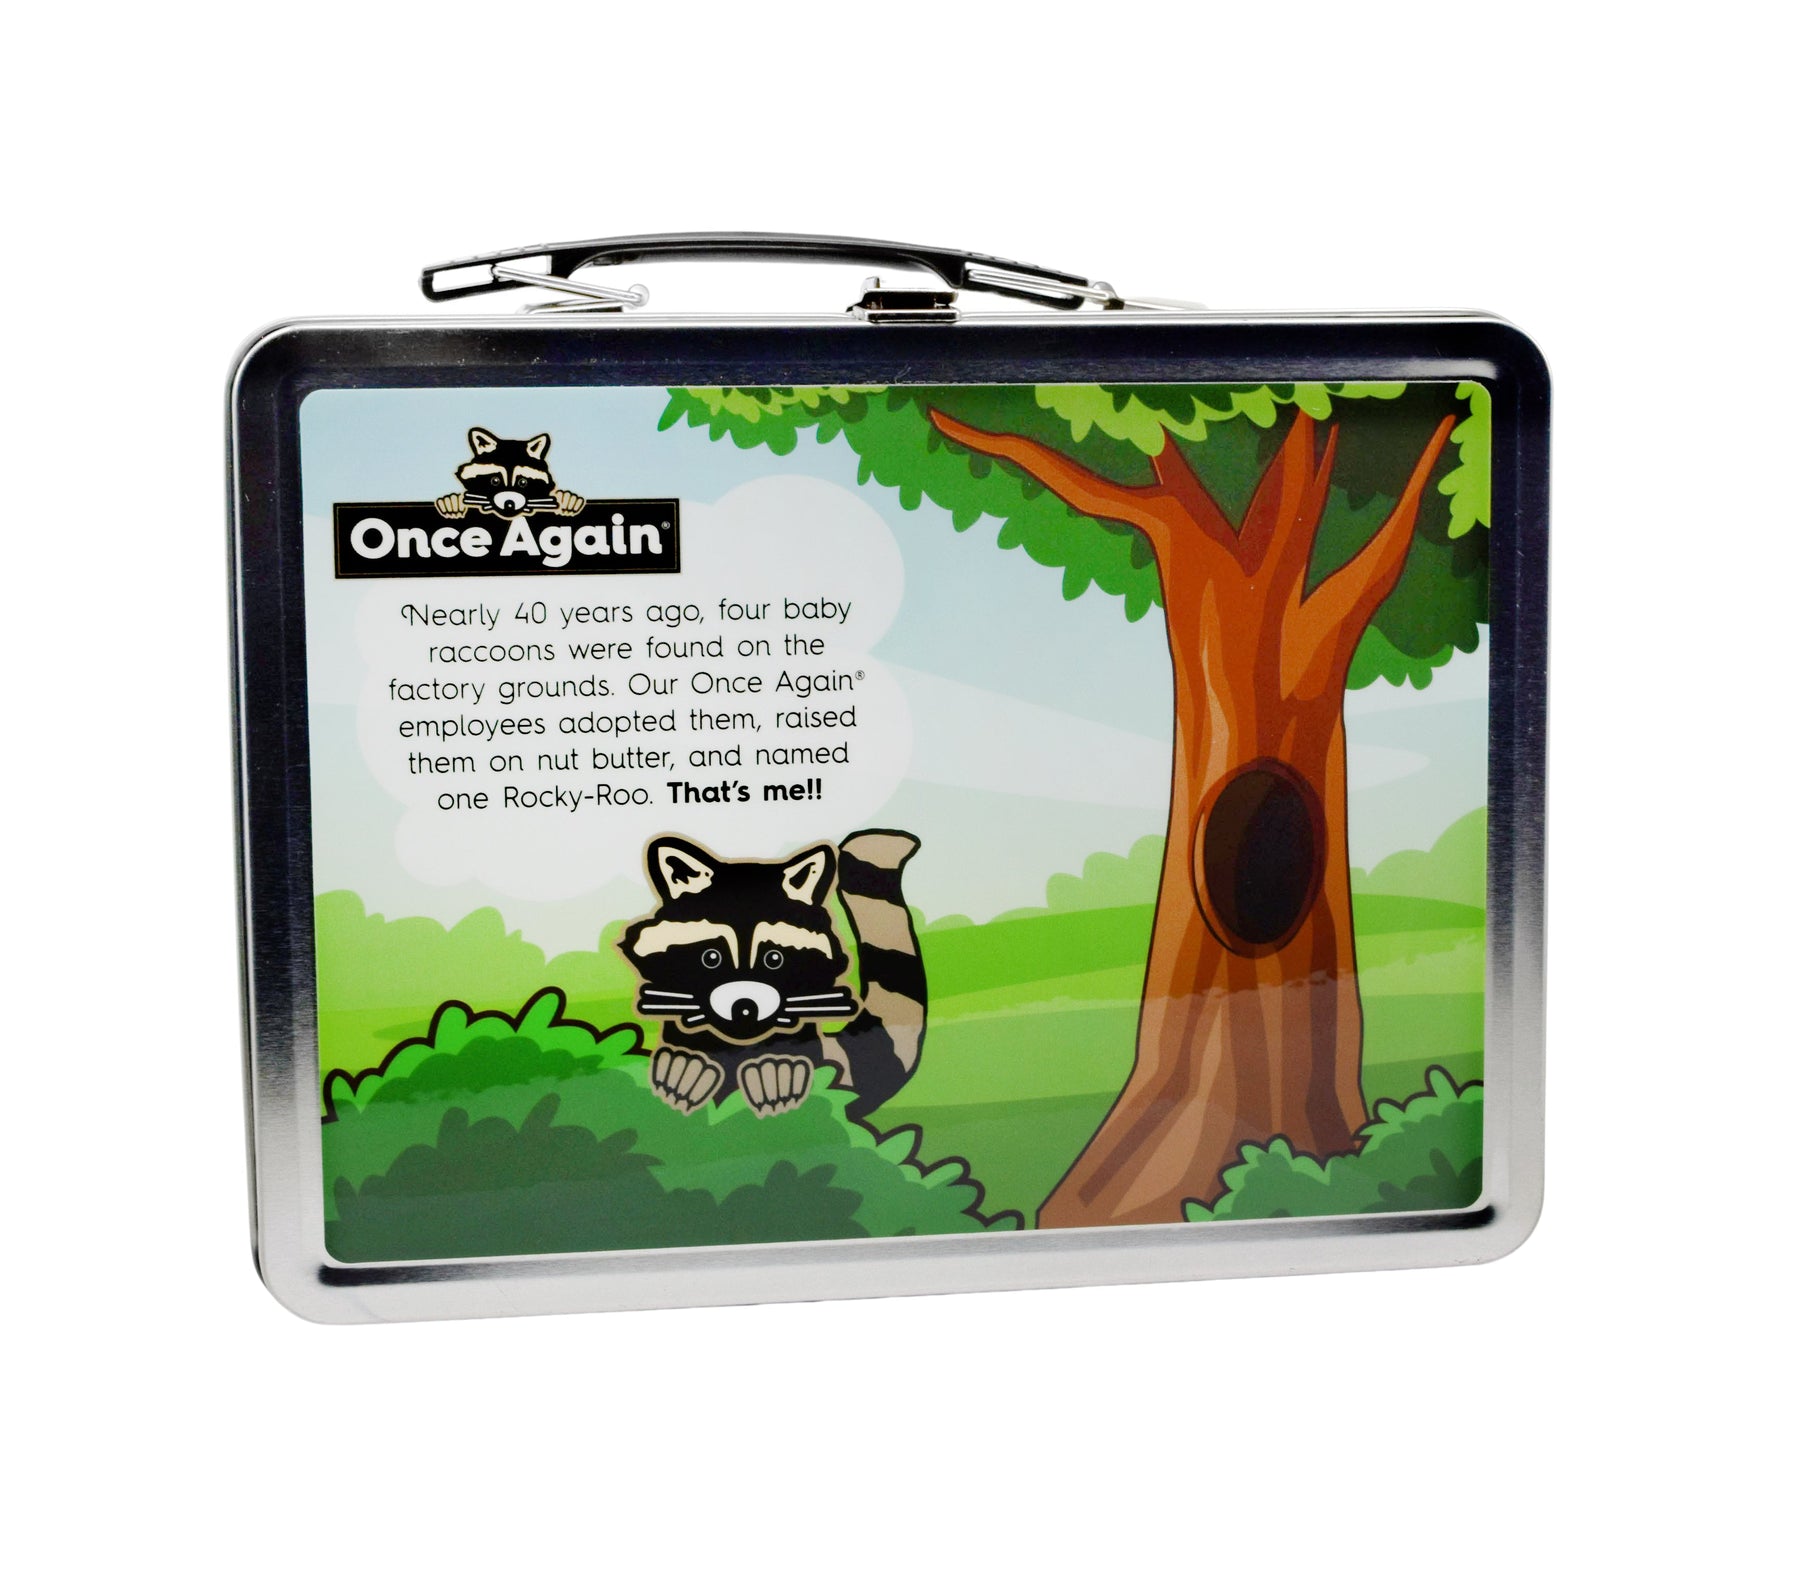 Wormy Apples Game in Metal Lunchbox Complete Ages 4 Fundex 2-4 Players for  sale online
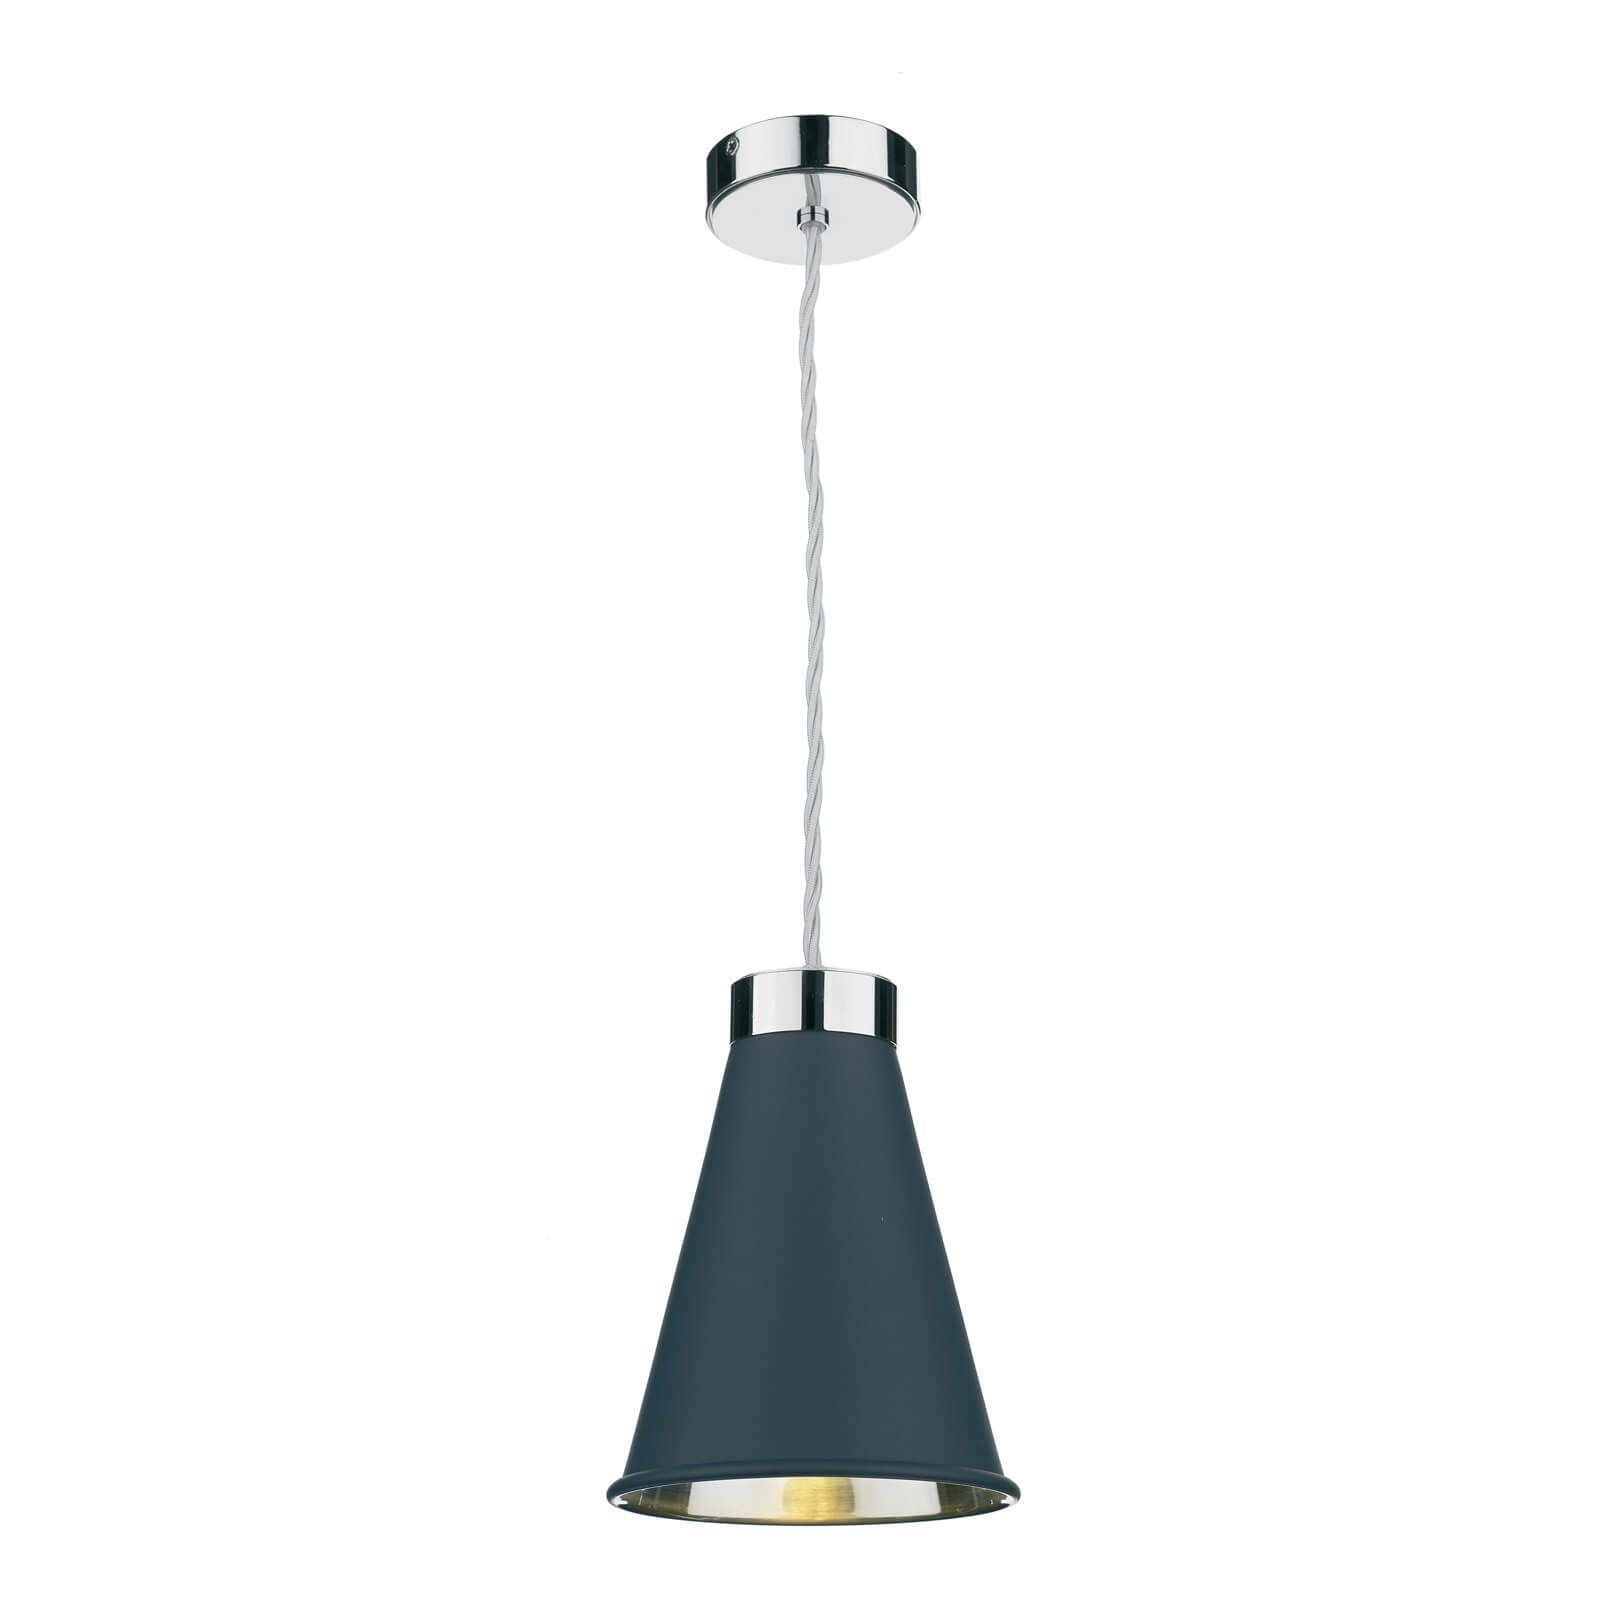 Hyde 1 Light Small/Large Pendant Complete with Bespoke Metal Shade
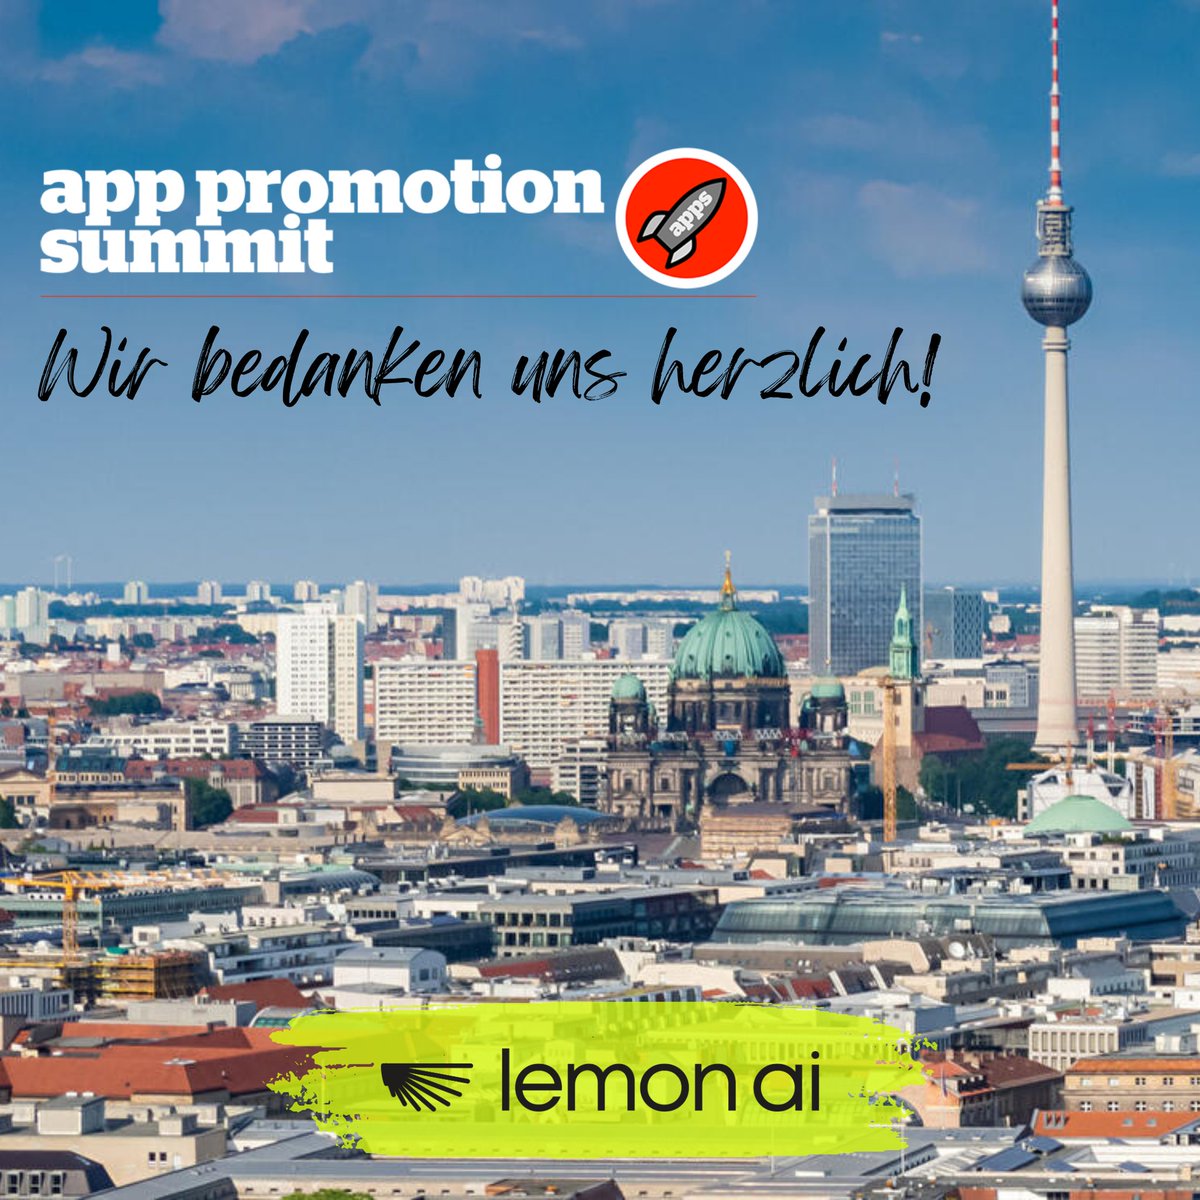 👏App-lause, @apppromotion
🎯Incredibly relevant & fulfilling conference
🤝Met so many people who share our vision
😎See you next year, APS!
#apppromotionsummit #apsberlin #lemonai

★ ★ ★ ★

What is wanted is an exact repetition of the lines from the one with "share our vision" through the last line of the material above, both ends included.

🤝Met so many people who share our vision
😎See you next year, APS!
#apppromotionsummit #apsberlin #lemonai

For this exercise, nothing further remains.